# DATA PROVIDED
--- START ---

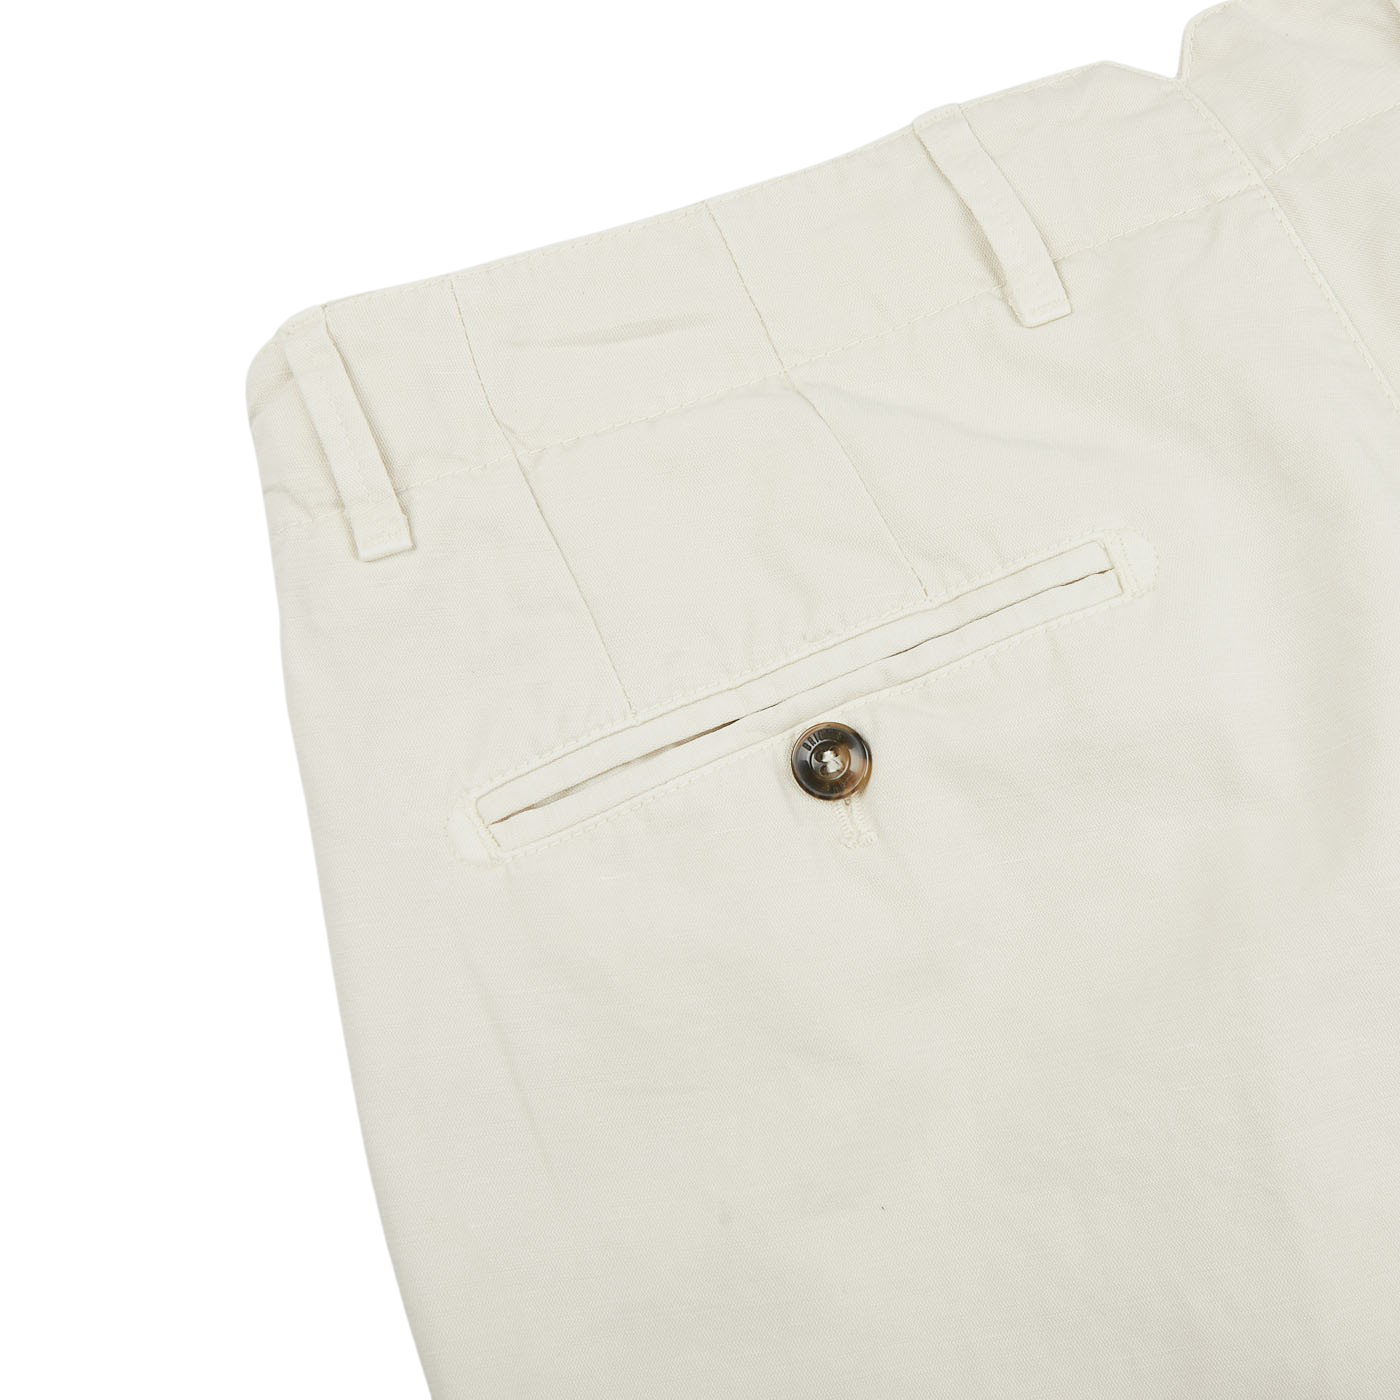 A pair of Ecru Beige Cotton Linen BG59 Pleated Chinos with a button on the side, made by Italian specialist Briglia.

--- END ---
--- START ---

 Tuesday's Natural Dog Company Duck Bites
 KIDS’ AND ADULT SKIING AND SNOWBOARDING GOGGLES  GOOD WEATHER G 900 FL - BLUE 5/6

--- END ---
--- START ---

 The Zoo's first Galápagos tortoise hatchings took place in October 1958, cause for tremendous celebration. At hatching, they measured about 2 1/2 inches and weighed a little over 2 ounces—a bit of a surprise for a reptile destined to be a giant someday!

--- END ---

# WHAT IS EXPECTED
Go to the line in the material above that contains "Tuesday's Natural Dog Company Duck Bites" and copy exactly from there through the line that contains "KIDS’ AND ADULT", stopping after it.

# SOLVED EXERCISE
 Tuesday's Natural Dog Company Duck Bites
 KIDS’ AND ADULT SKIING AND SNOWBOARDING GOGGLES  GOOD WEATHER G 900 FL - BLUE 5/6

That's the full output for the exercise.